Resource: "Le Monde Diplomatique" Arabic tagged corpus

Reference "Le Monde Diplomatique" Arabic tagged corpus
Date of Submission Jan. 24, 2014, 4:30 p.m.
Status accepted
ISLRN 124-139-628-259-2
Resource Type Primary Text
Media Type Text
Source
Language Arabic
Description

This corpus contains 102,960 vowelised, lemmatised and tagged words (58 texts from Le Monde Diplomatique Arabic, see also ELRA-W0036-04).

To each text are associated 3 files :
- raw text in Arabic,
- vowelized text in Arabic,
- one XML file containing the morphological annotation of the text.

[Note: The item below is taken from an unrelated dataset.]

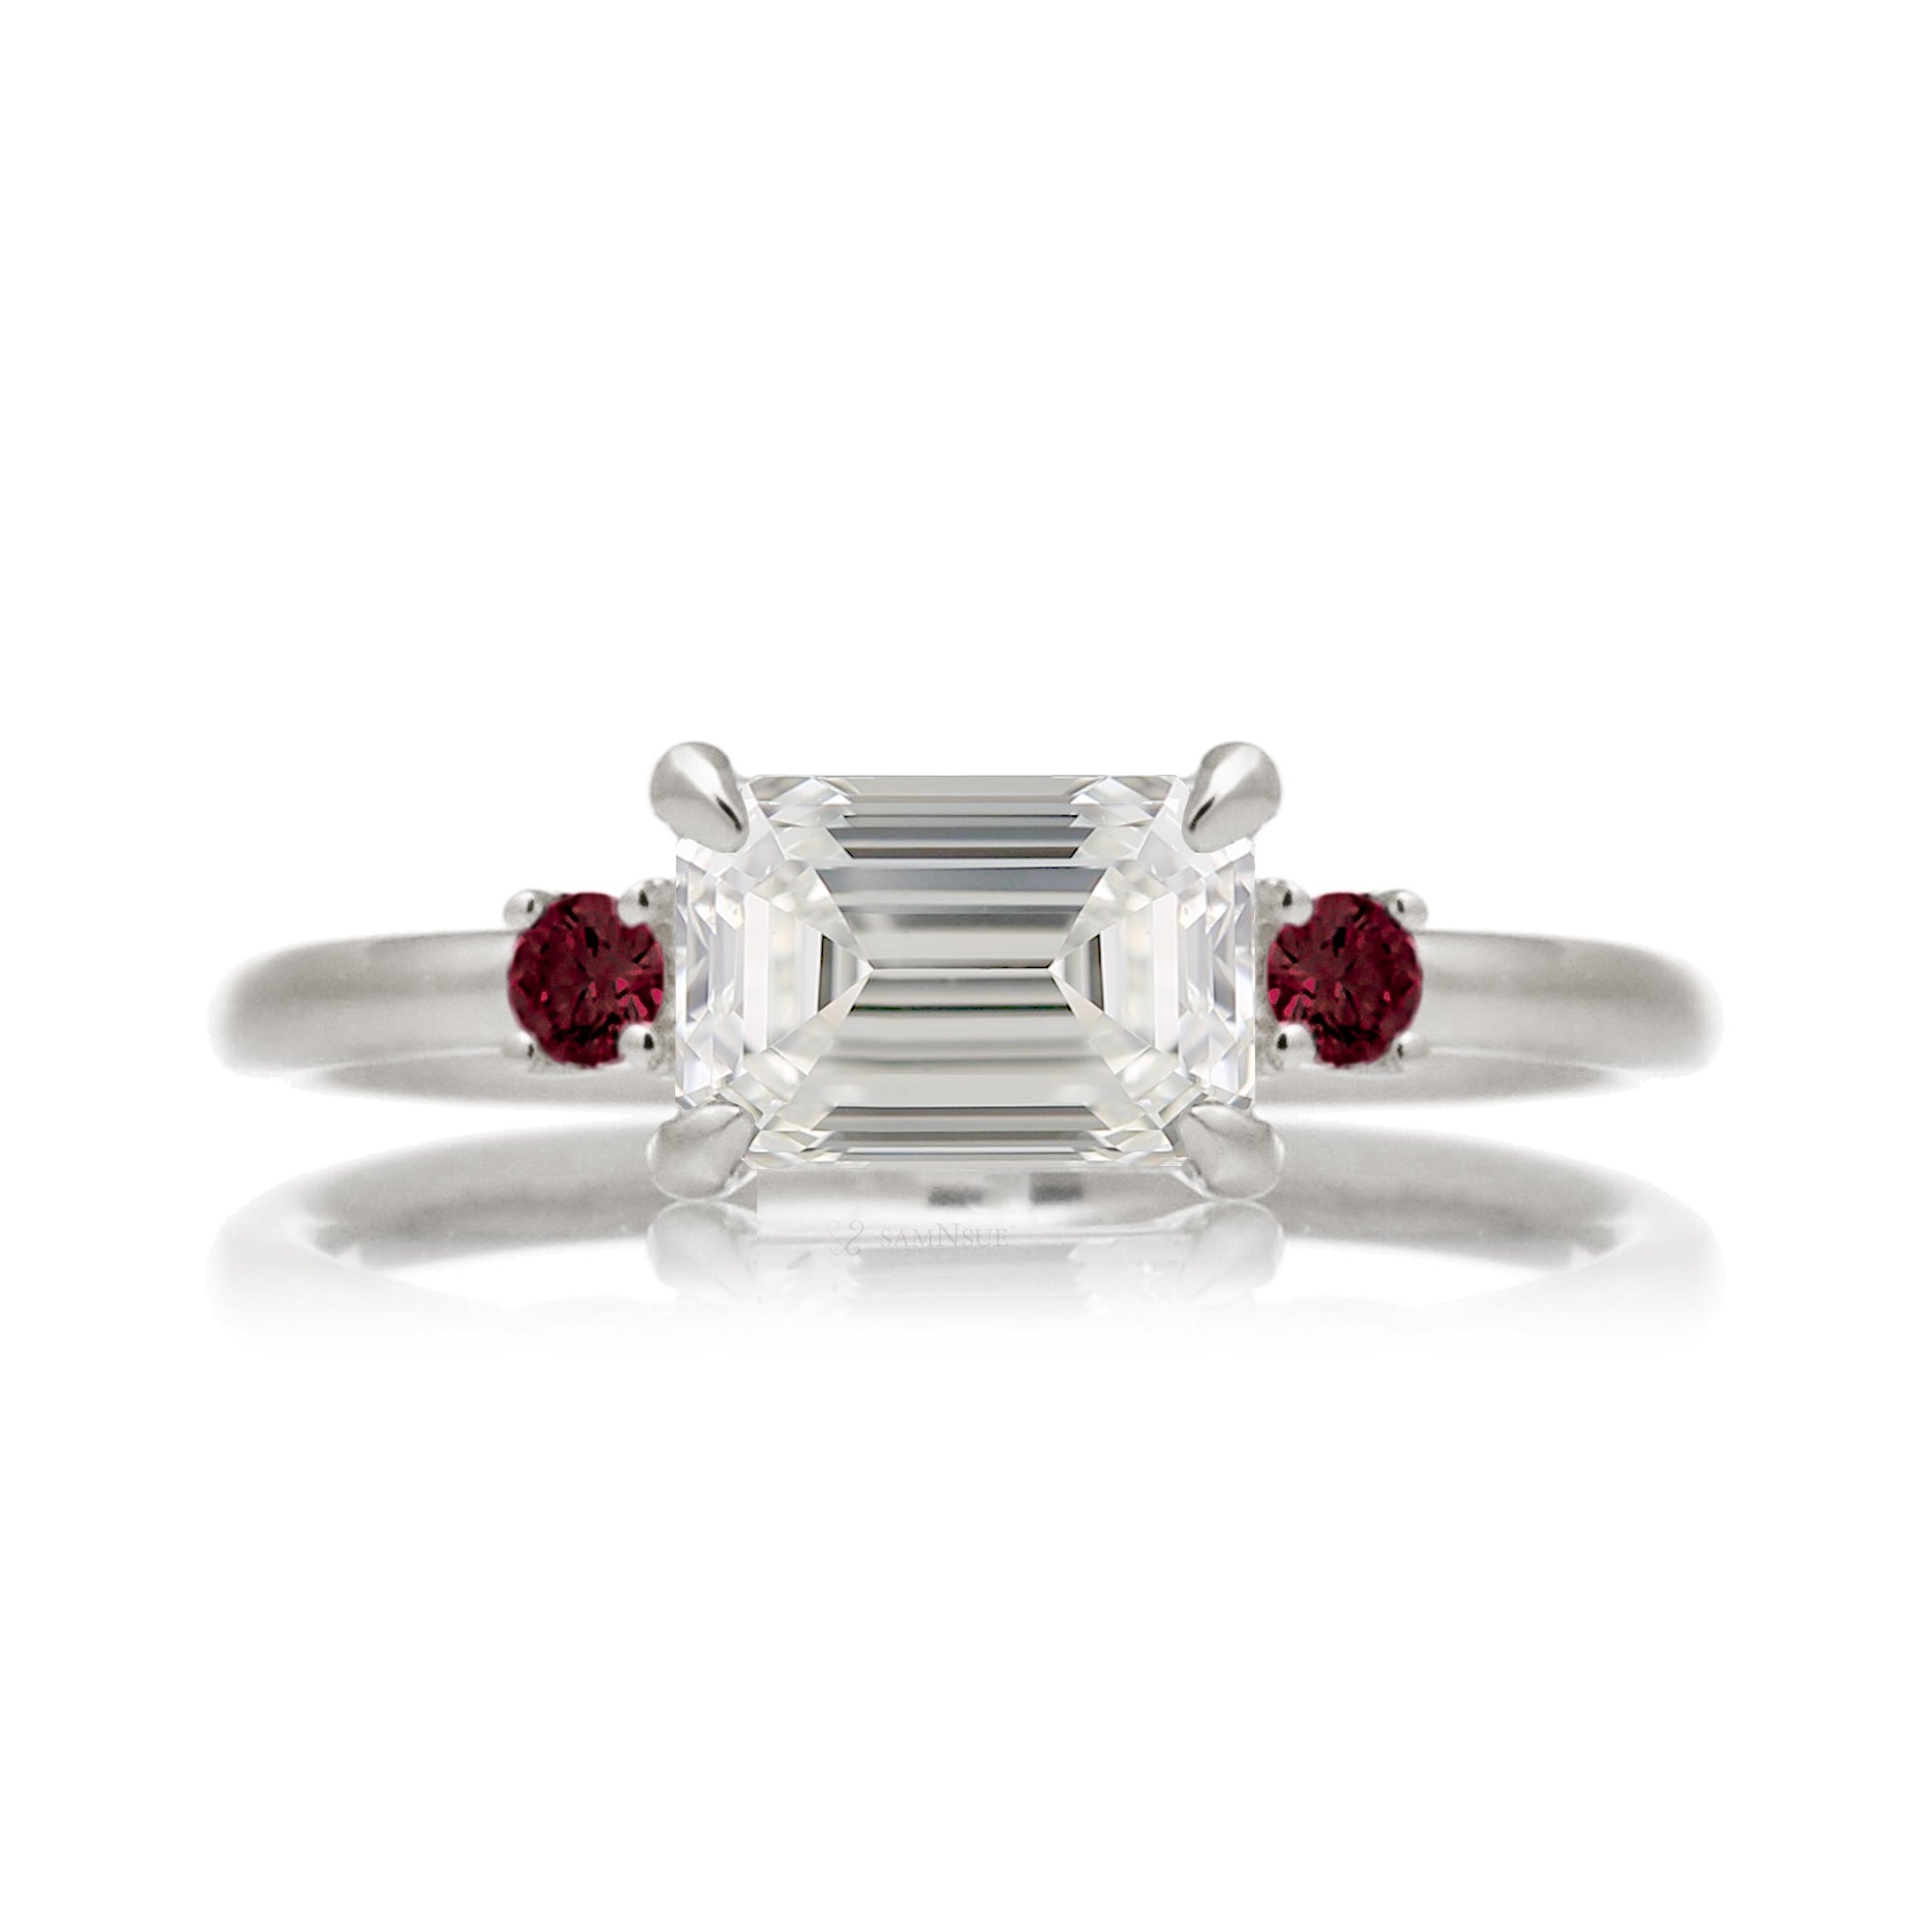 east-west emerald cut diamond three stone ring the Lena with side red rubies white gold

Each text word associates a certain number of information, such as word size, rank of the word in the text, paragraph number where the word was found, etc. Each word associates a node in the XML file. Each node contains the following positional features of the word in the text:
- Paragraph number in the text, i.e. paragraph where the word can be found,
- Sentence number in the paragraph,
- Sentence number in the text,
- Rank of the word in the text,
- Rank of the first character of the word in the text,
- Word size.

Information about word annotation are added as « sub-nodes »:
- Word of non vowelised text,
- Vowelised word,
- Word lemma,
- Grammatical category of the word.

Version 1.0
Distributor ELRA